→ **Required work**: All of the data goes into your copy exactly as written. Images do not.

→ **Supplied information**:

════════════════════

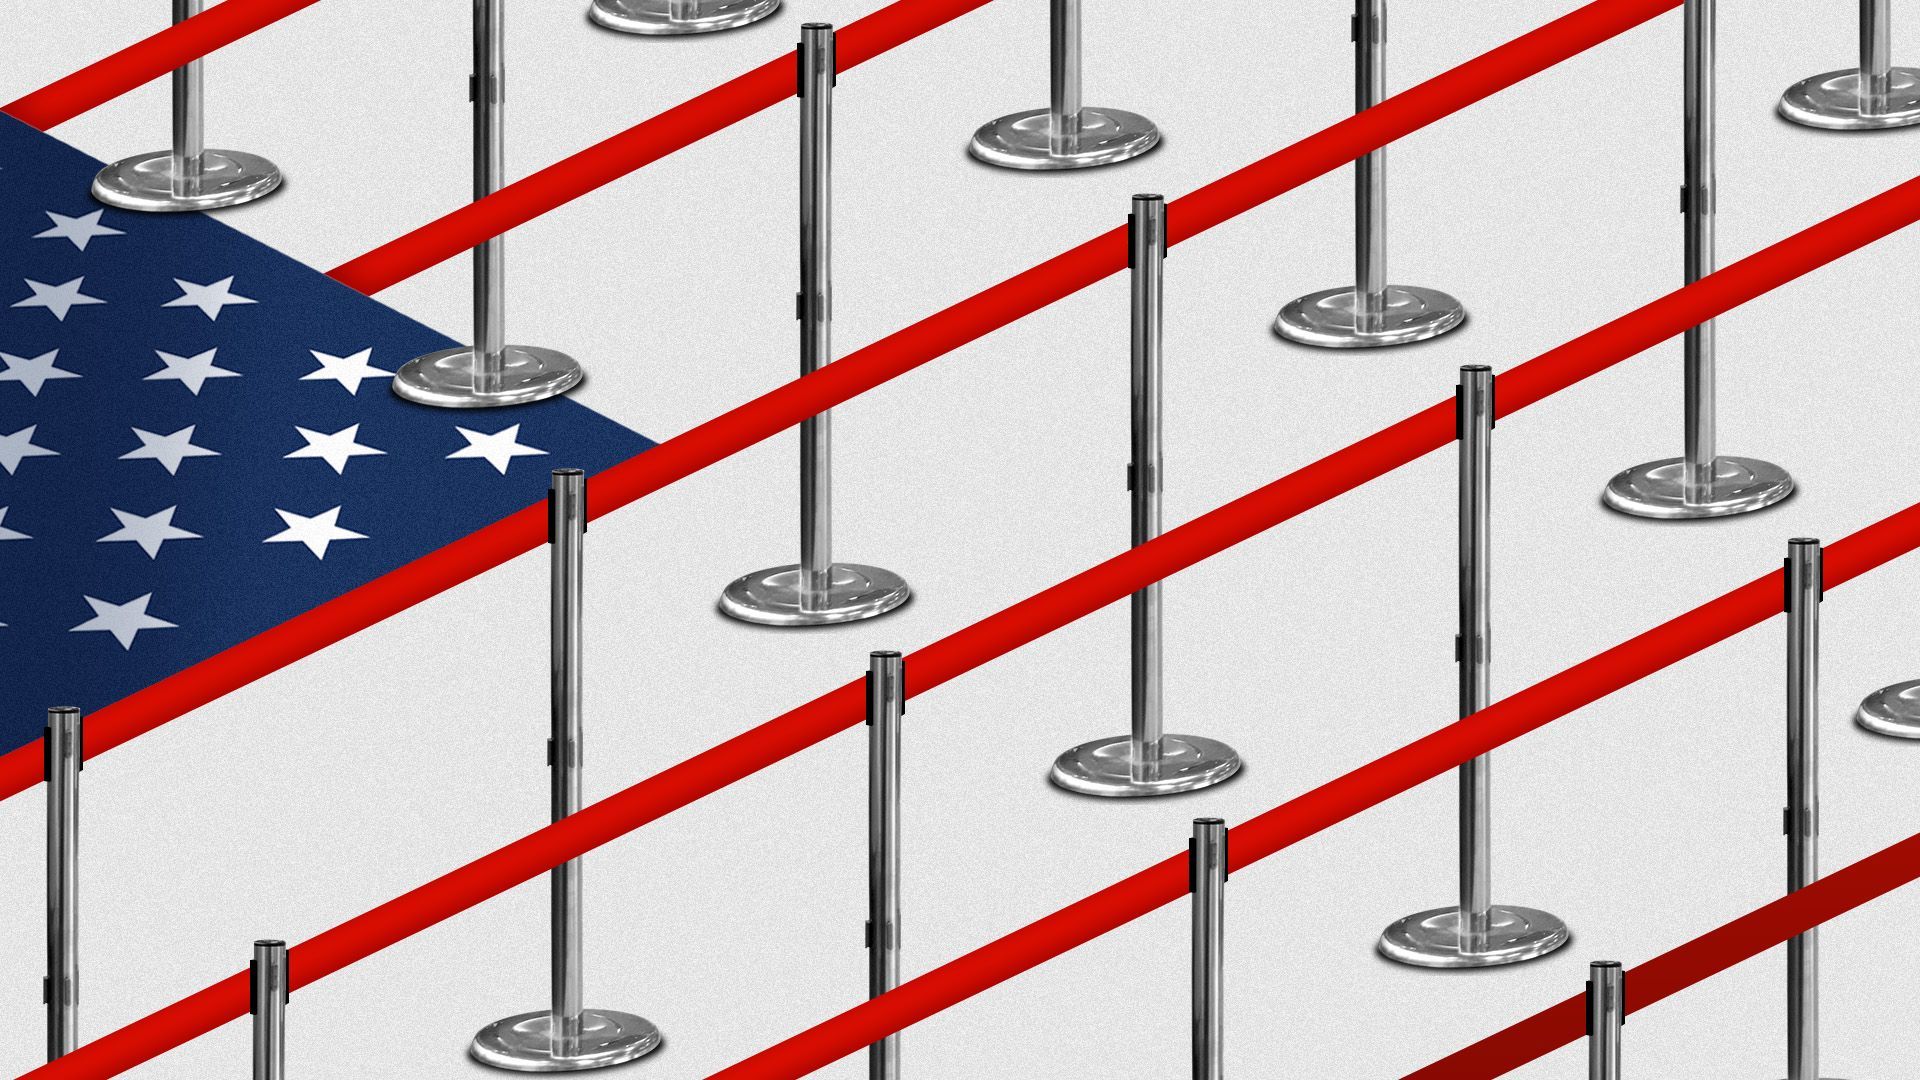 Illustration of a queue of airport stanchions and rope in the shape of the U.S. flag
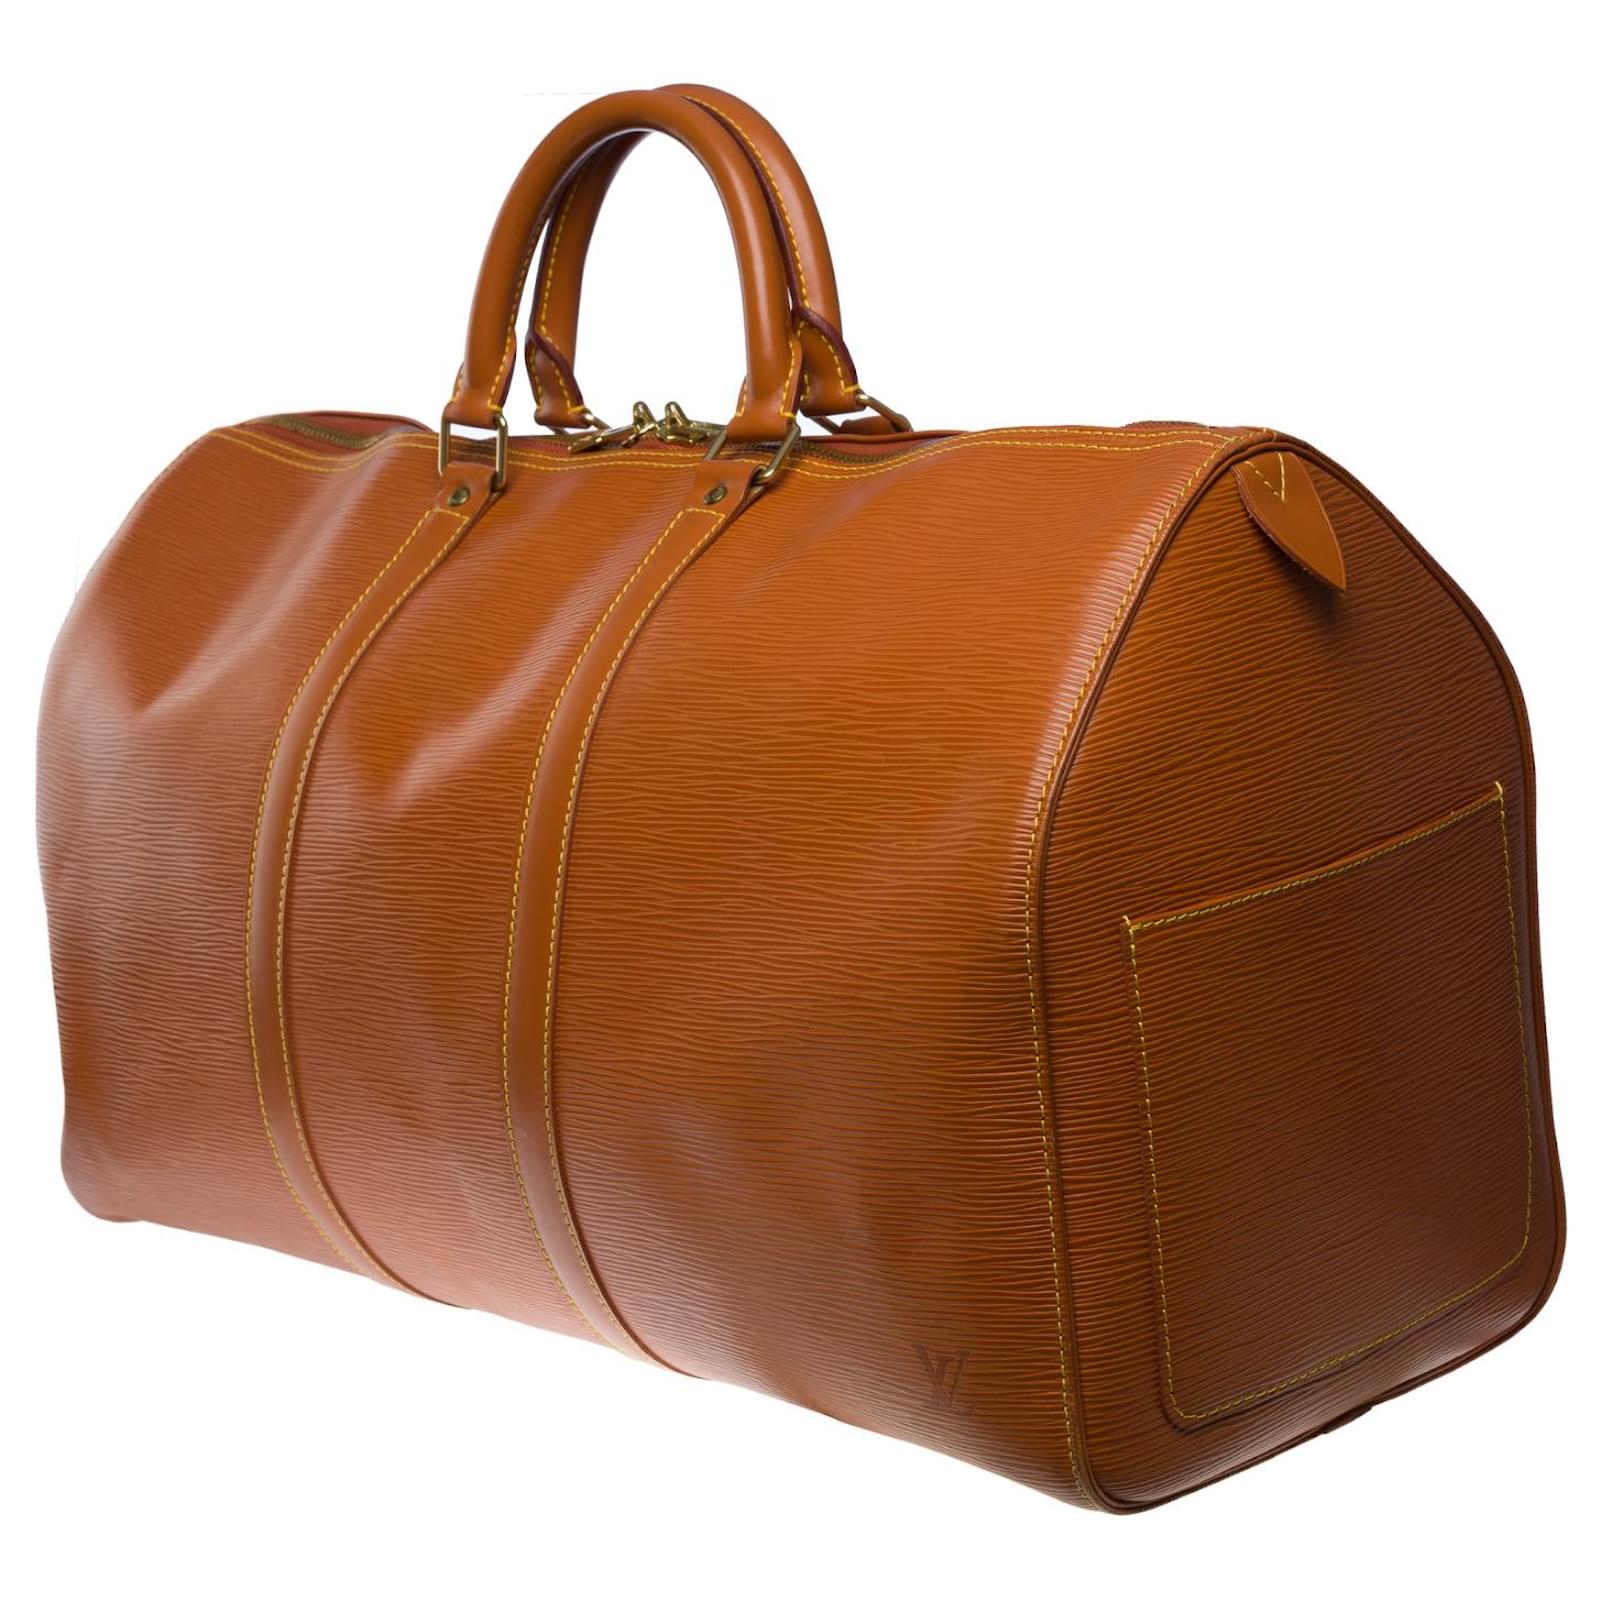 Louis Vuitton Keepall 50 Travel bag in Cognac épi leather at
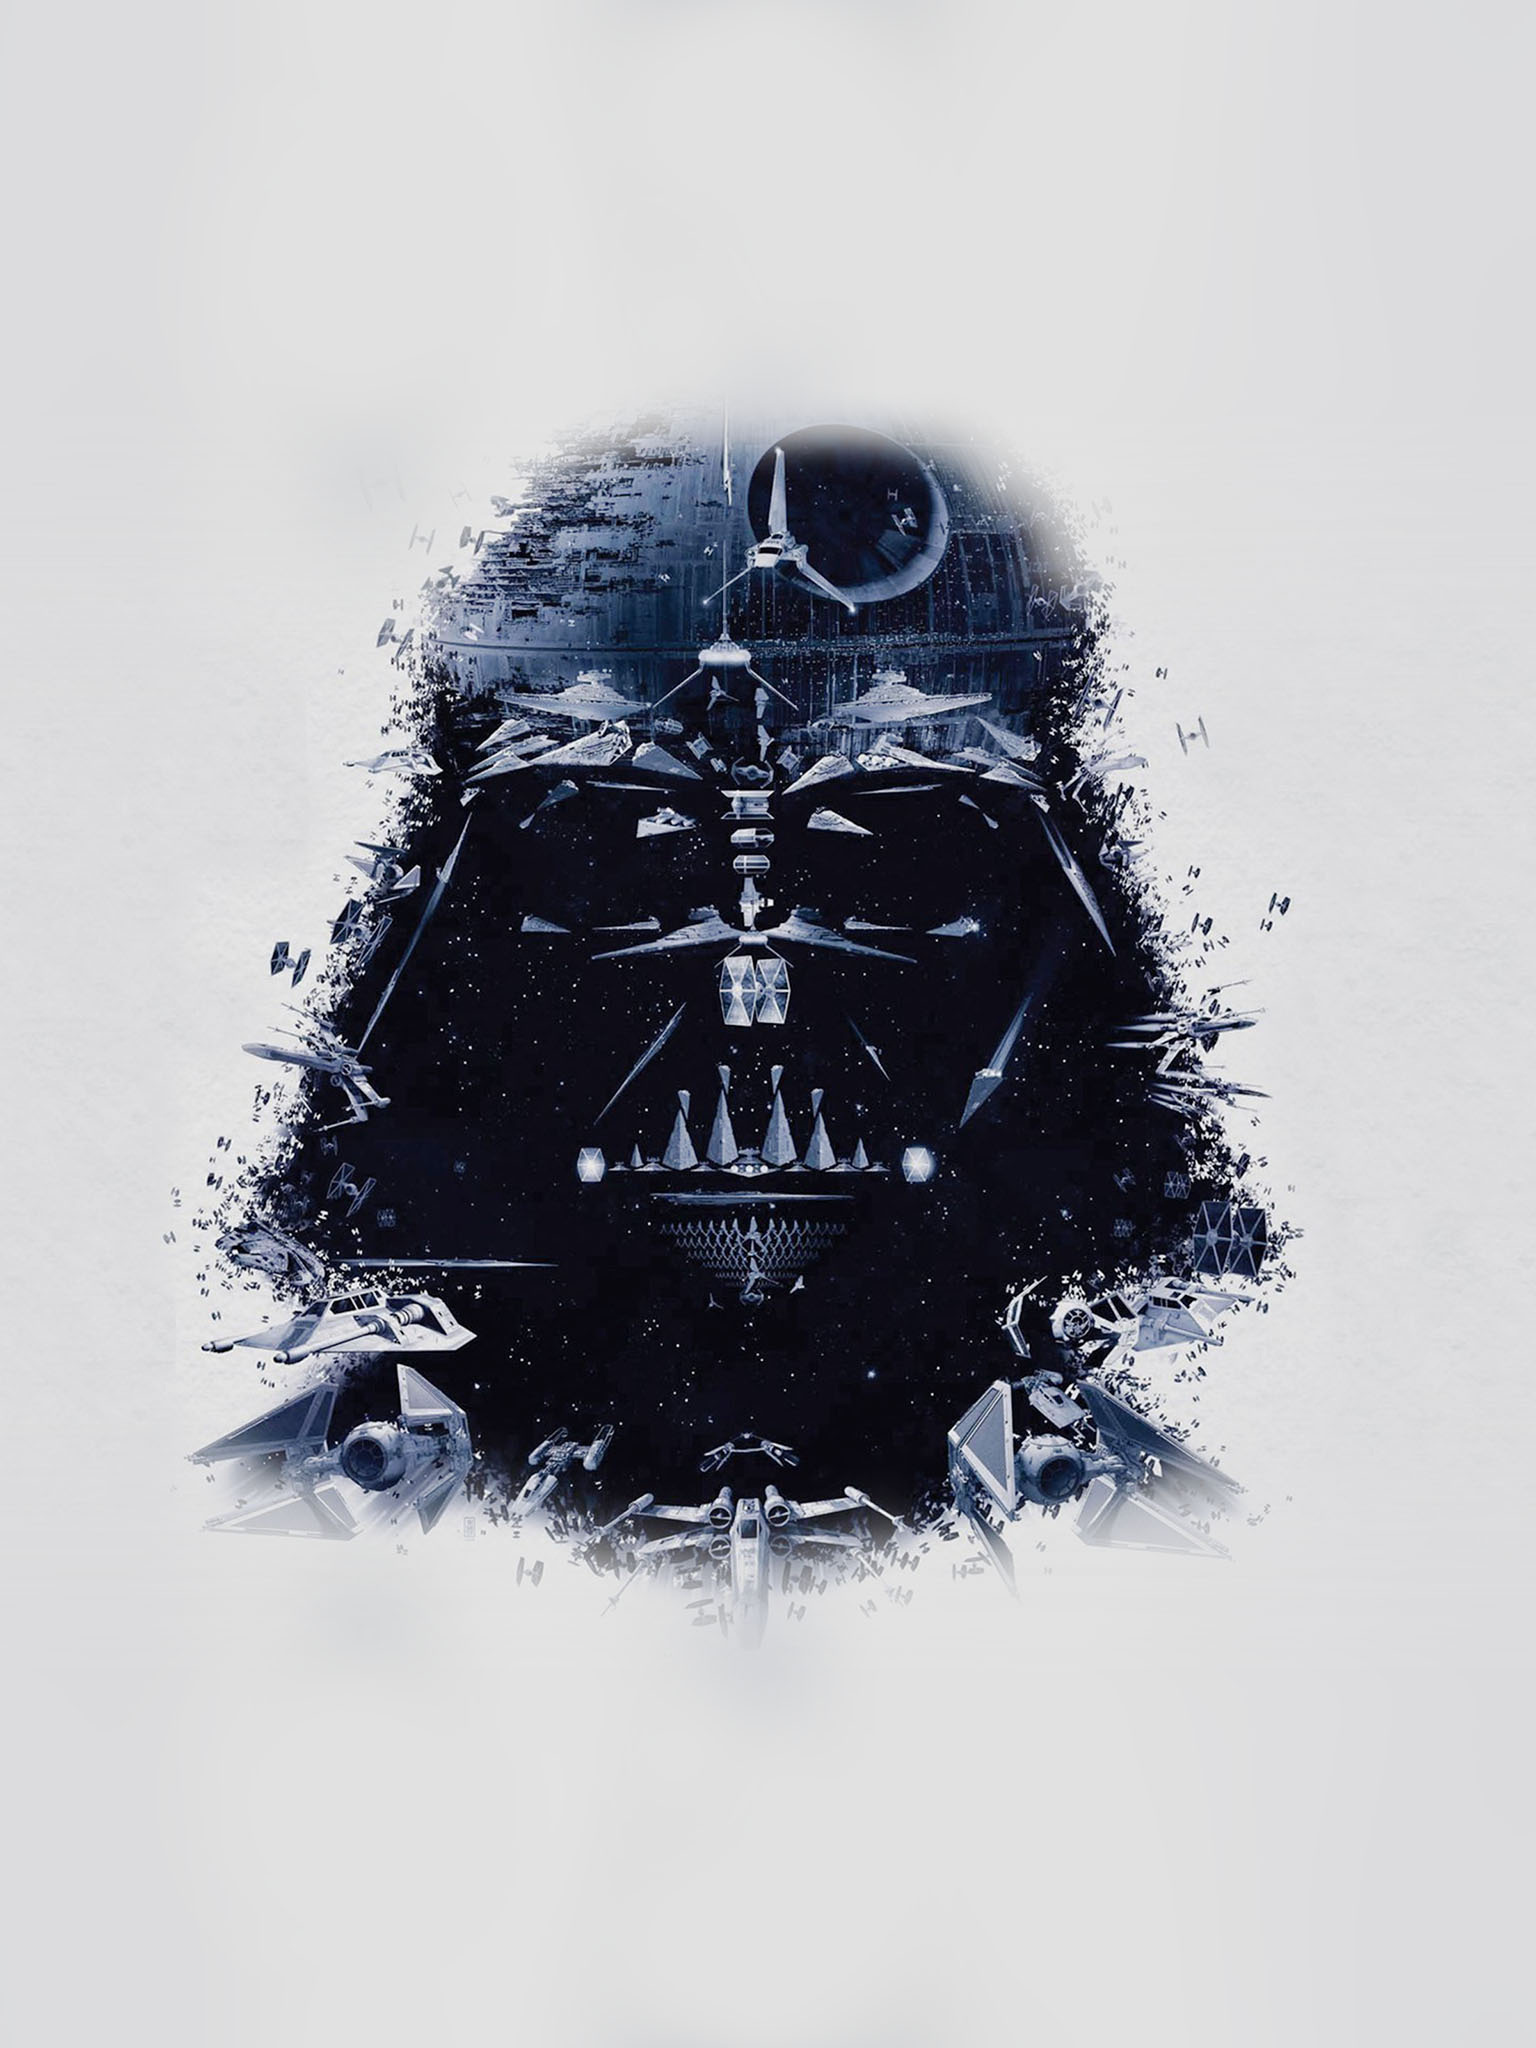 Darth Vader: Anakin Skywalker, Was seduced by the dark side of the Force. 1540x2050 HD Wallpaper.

════════════════════

→ **Answer space**:
 Illustration of a queue of airport stanchions and rope in the shape of the U.S. flag
 Louis Vuitton Keepall 50 Travel bag in Cognac épi leather at
 Darth Vader: Anakin Skywalker, Was seduced by the dark side of the Force. 1540x2050 HD Wallpaper.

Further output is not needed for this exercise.